Phillip Allen’s paintings expose the viewer to the challenges of readability and contradiction in their examinations of possibility and limitation.
The paintings are composed of abstract forms that seem to question their own intent through their suggestions of strange figurations within landscapes. The dense, solid materiality of the work is in opposition to the layers of thinly applied colour that occupies the centre ground of the rendered and re-rendered surface.
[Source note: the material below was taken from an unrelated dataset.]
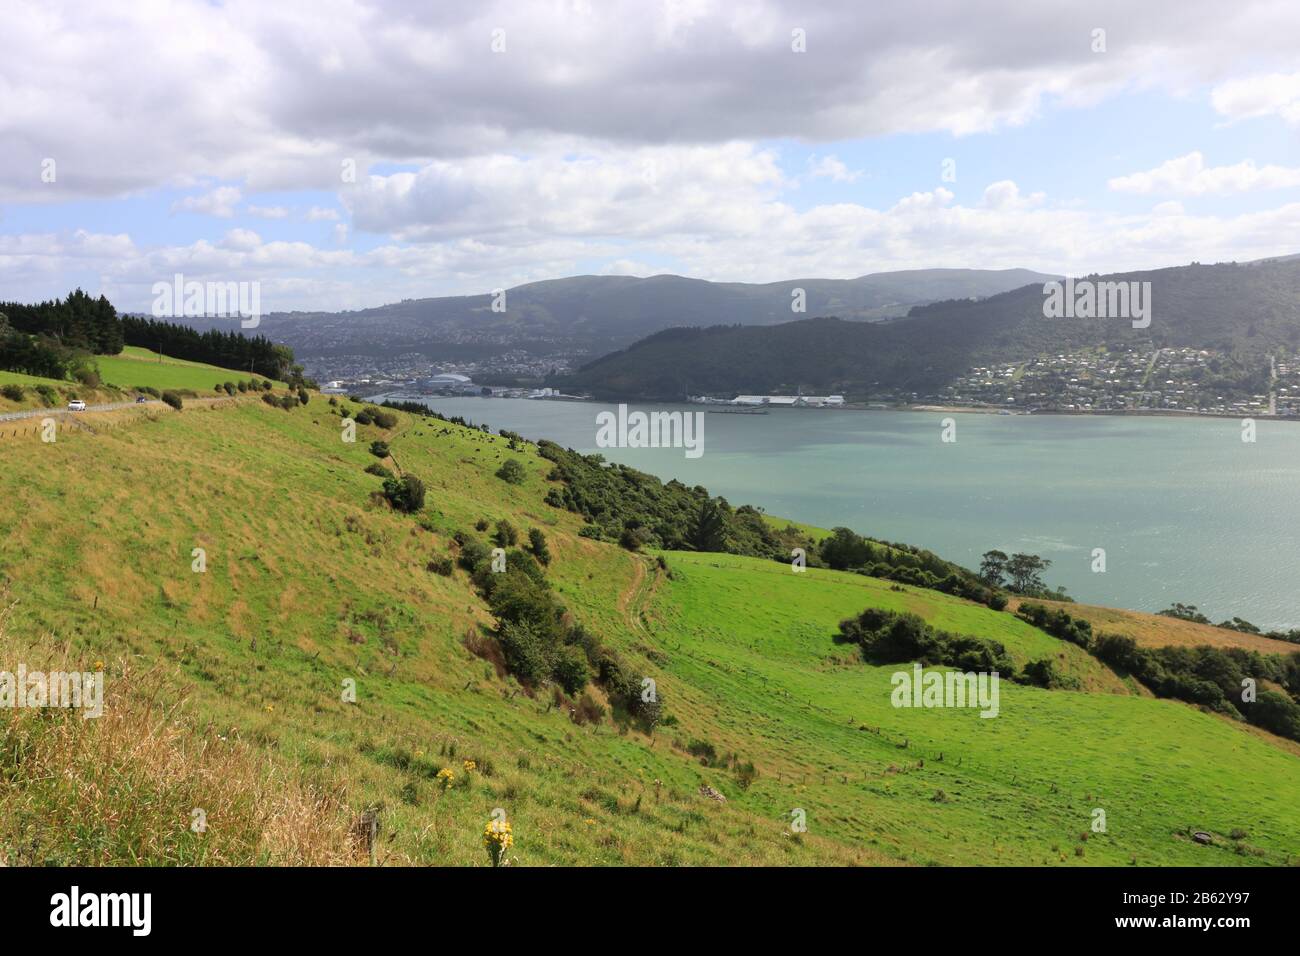 Akaroa Harbour, is part of Banks Peninsula in the Canterbury region of New Zealand. Stock Photo

In an appraisal of the effectualness of linguistics and of different painting styles to communicate, Allen synthesizes letters, patterns and shapes to form an invented pictorial syntax, creating a new imaginary language. Biographical and art historical references are tangled into this made-up vernacular. In ‘WXY’ and ‘ONM’ a figurative element is introduced through the allusion to the male and female nude. The alphabet letters are organized in an ornamental systemization, so that letters and images are no longer experienced as conflicting opposites. All of Allen’s compositions warn the viewer against overly literal readings and of the shortcomings of language and painting. Content and matter are at a constant interplay in these paintings, so that their imagery is not to be trusted to decode into a clear reading. Instead, the complete effect is offered up only through the paint itself. Often in Allen’s paintings, symbols and gestures of the same ‘family’ reappear titled under the same invented ‘clan’ denominations and in different ‘versions’, proclaiming their tentativeness again and again.
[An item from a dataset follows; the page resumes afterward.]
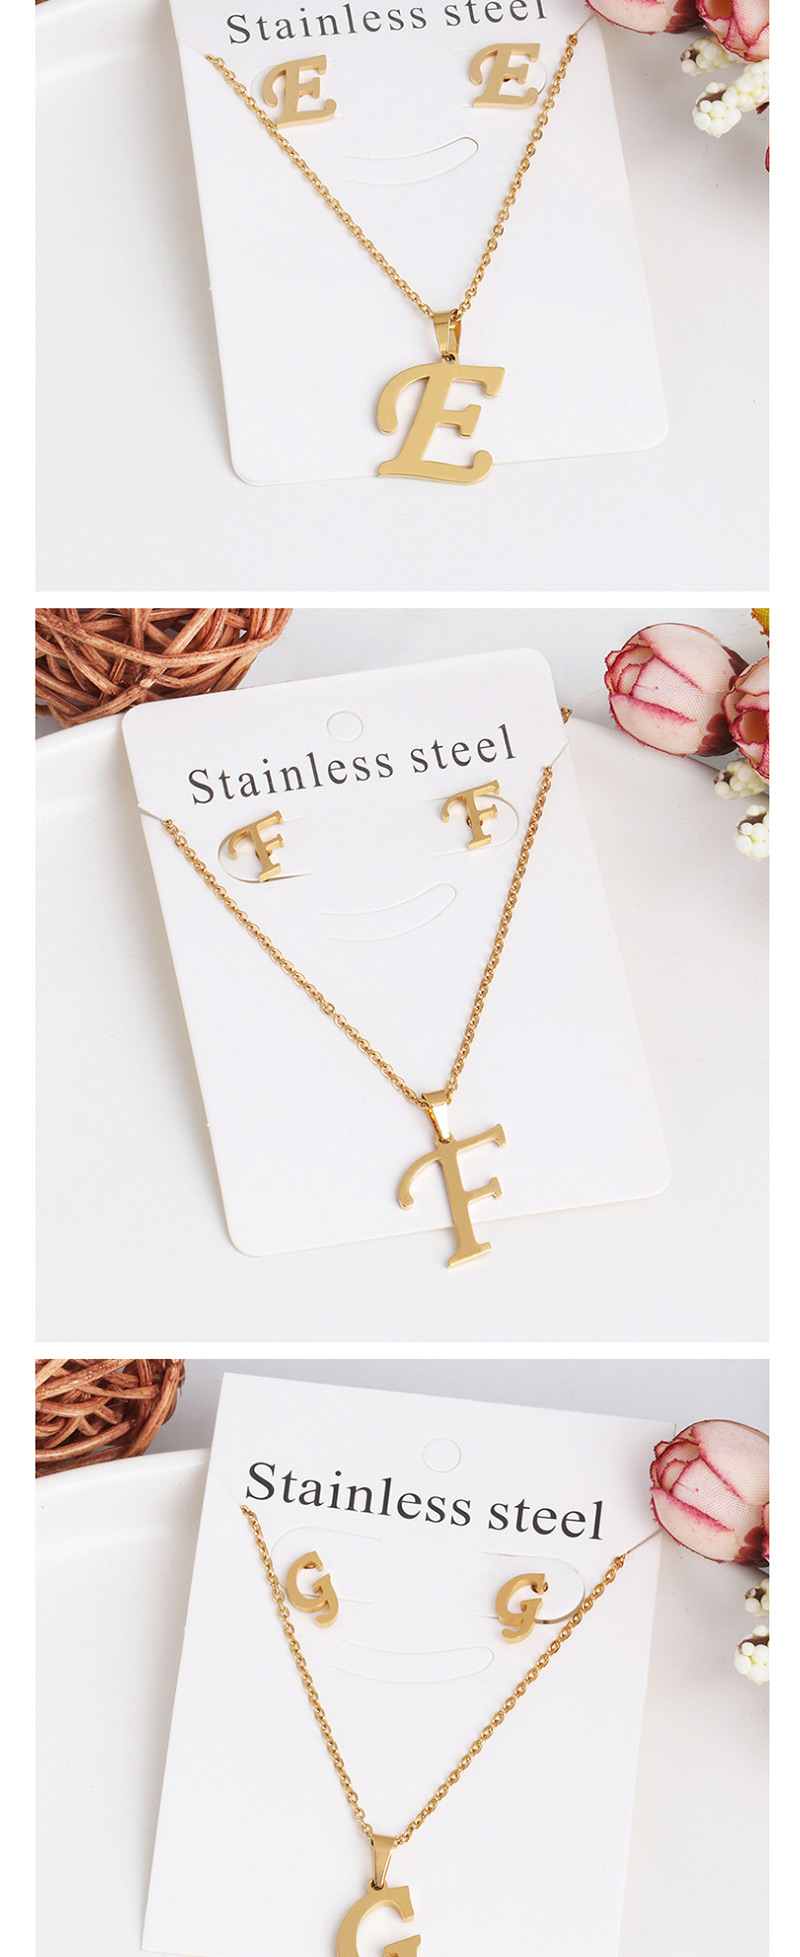 Fashion J Gold Stainless Steel Letter Necklace Earrings Two-piece,Jewelry Sets

The thick bands of paint on the top and bottom of the boards do not offer themselves up for any kind of pictorial recognition. Instead, they work with the formal aspects of colour, mark and density to communicate at a more rudimentary level. In its physicality, the raw paint is also like matter waiting to be activated by the artist’s brush or the viewer’s imagination– suggesting the incalculable illusionary possibilities it inherently contains. Some of these are played out on the surface, only to be dispelled by the reminder of the concrete source of the illusion, and in this way, the thick borders of paint contain the paintings conceptually as well as physically.
The separation between materiality and illusion is ever more evident in Allen’s ‘Pareidolia’ collage/reliefs, where the painted illusions are replaced by the printed image. The term ‘pareidolia’ describes the psychological delusion of perceiving vague and random stimulus (often an image or sound) as significant. Common examples include perceiving images of animals in clouds, the ‘Face on Mars’, the man in the moon and various religious projections, as well as ‘hidden messages’ heard on records played in reverse. Through the composition of these works, elements depicted in the collaged images are broken down into simpler denominations and new associations are drawn between the source image and the paint. The clots of paint playfully mimic the texture, palette or material depicted in the images. The tensions present in the idea of representation through painting are played out on the board, yet the signified and the signifier never resolve themselves; is the image representing the paint, or is the paint representing the image? They could both just as easily transform themselves into each other. The pools of oil emanating from the thick impasto remind the viewer of the limitations of the medium’s power for illusion and representation of the real, but the crinkled dot-printed colour reproductions remind us of this same fact, and they refer to each other as testaments of their own failures.